Because “knowledge is the critical resource rather than others and it is generally poorly managed” (Earl, 2001, p.215), KM research is needed. The literature in several disciplines and management practices indicate how important it is for knowledge to be managed. KM is a new science aiming at reorganizing business organizations around immaterial richness by a process of capturing, sharing and re-using knowledge (Davenport, 1998). As Jennex et al (2003, p.1) note: “Organizations are much more likely to capture knowledge benefits if they have an organizational KM strategy.” The development, implementation and use of organizational knowledge require specific strategies suitable for setting up KM and the alignment of KM strategies with business strategies to ensure that KM is an integral part of a corporate strategy (Abou-Zeid, 2003 ; Asoh et al, 2003 ; Sharkie, 2003, Roth, 2003). As Asoh et al (2003) note, there has been little research into the alignment of KM with business strategies. Also, there seems to be a “lack of strategic models to link KM efforts and business strategy” (Maier, 2001, p.3). A lack of alignment can lead to poor strategic planning, which in turn can lead to the misuse of resources (Luftman, 2004) and poor performance.

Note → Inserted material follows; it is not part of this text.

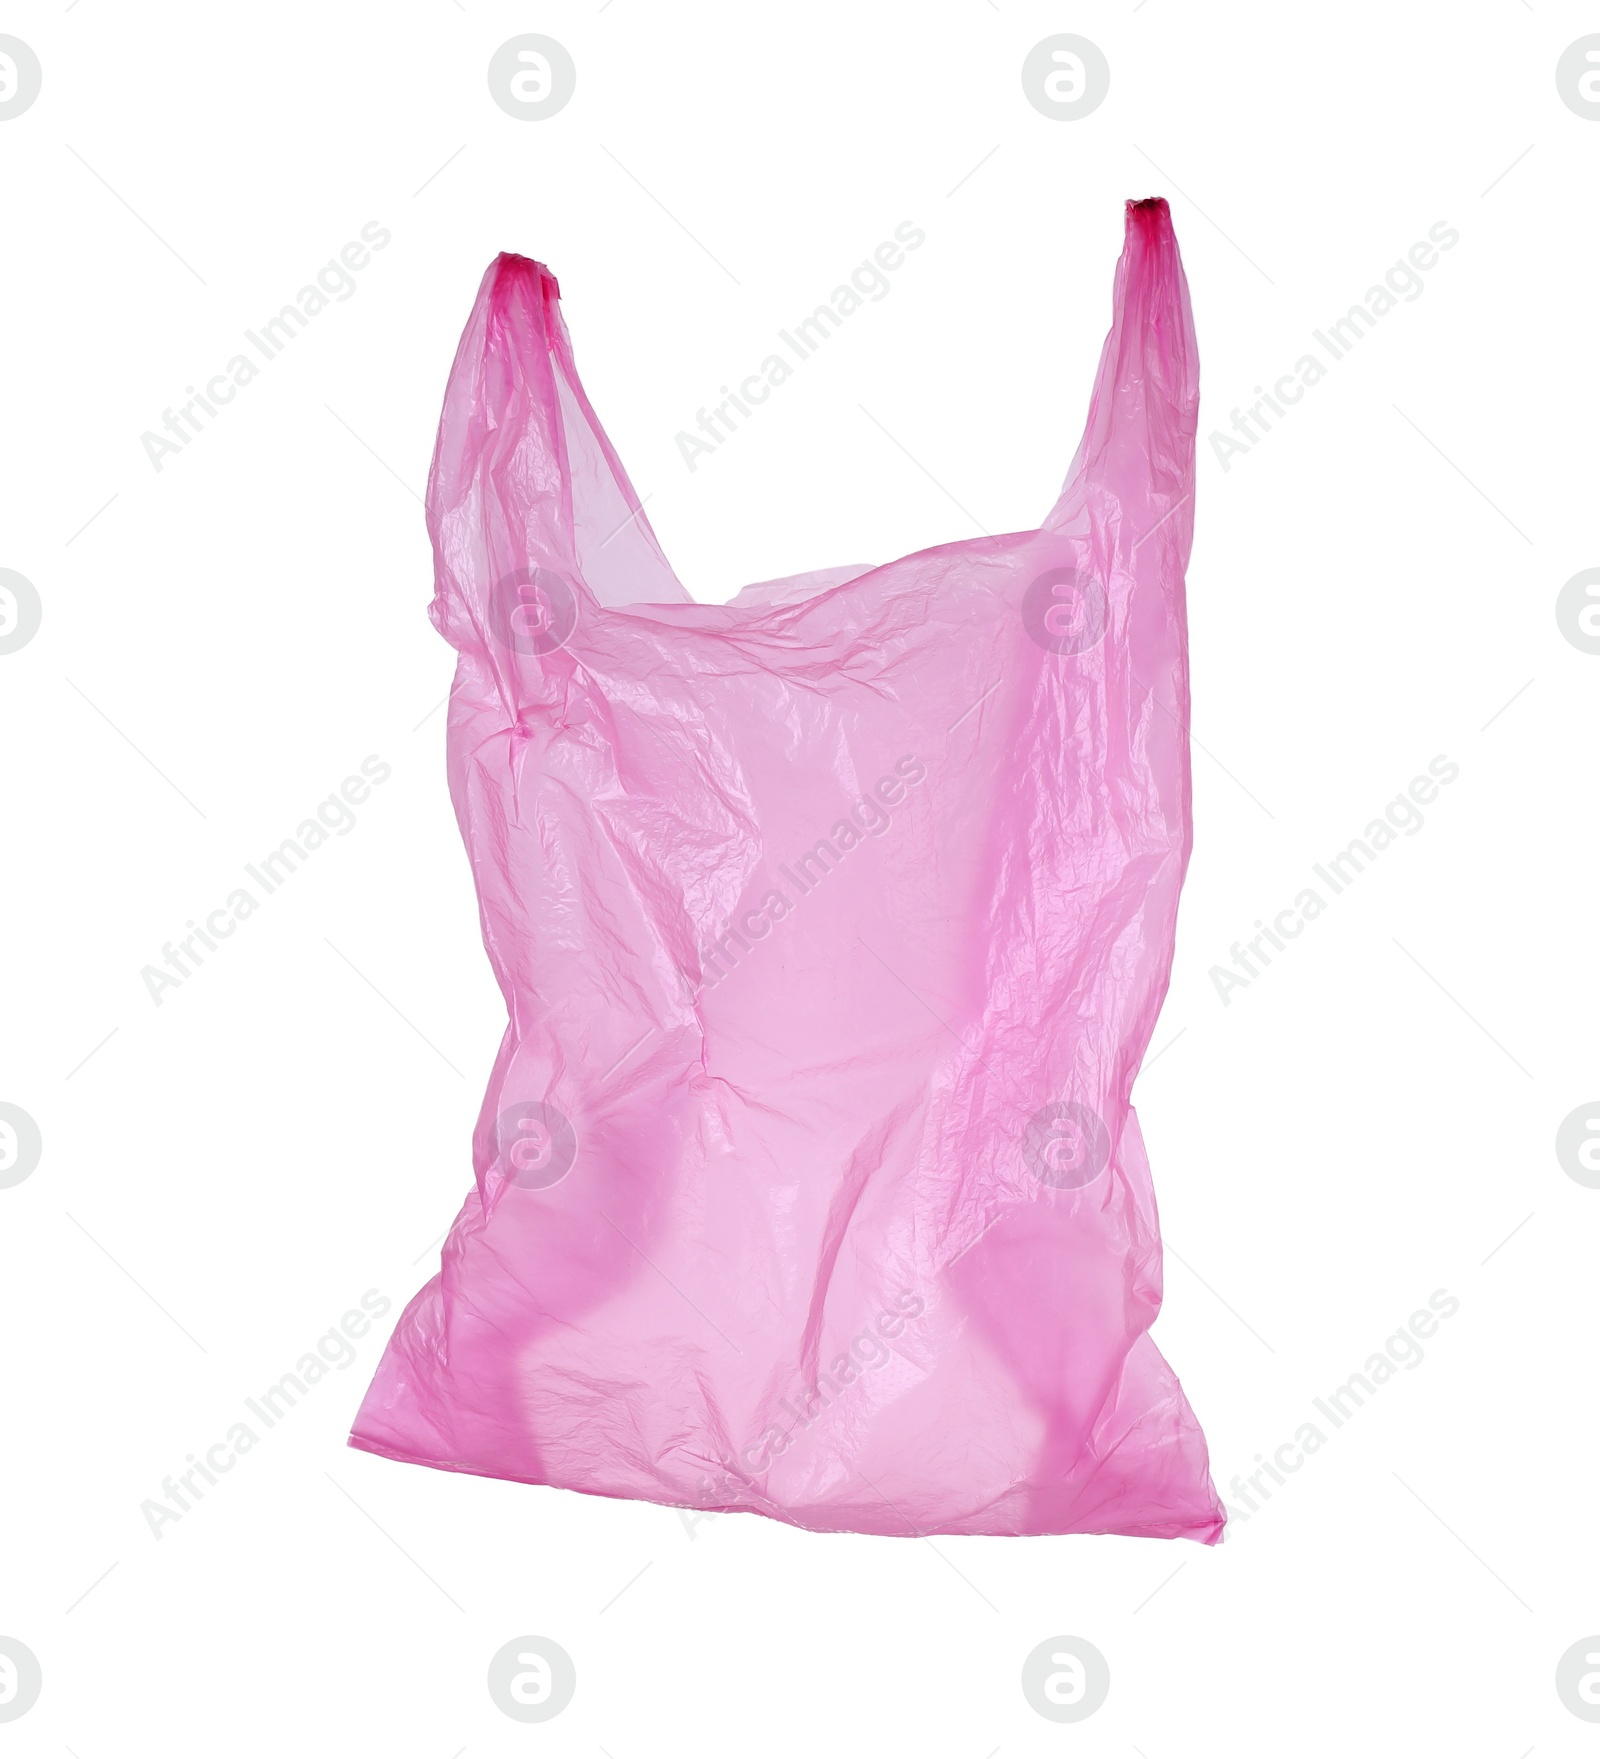 Photo of One pink plastic bag isolated on white

Having the wrong strategy or no strategy causes organizations to fail to utilize their knowledge (Hansen et al, 1999). The authors of this article stress that it is not easy to undertake a study of the strategic alignment of KM and business. Such research requires clarification of terms, as Asoh et al (2003, pp.40-41) state: “First, the different perspectives of knowledge and KM may mean that researchers cannot come to terms concerning what exactly has to be aligned. Second, there is persistent confusion between the terms information and knowledge. Third, because of the confusion between information and knowledge, researchers may think they are working on KM when in fact they are researching information systems or information technologies (IS/IT). Fourth, there is a similar degree of confusion between knowledge strategies and KM strategies.”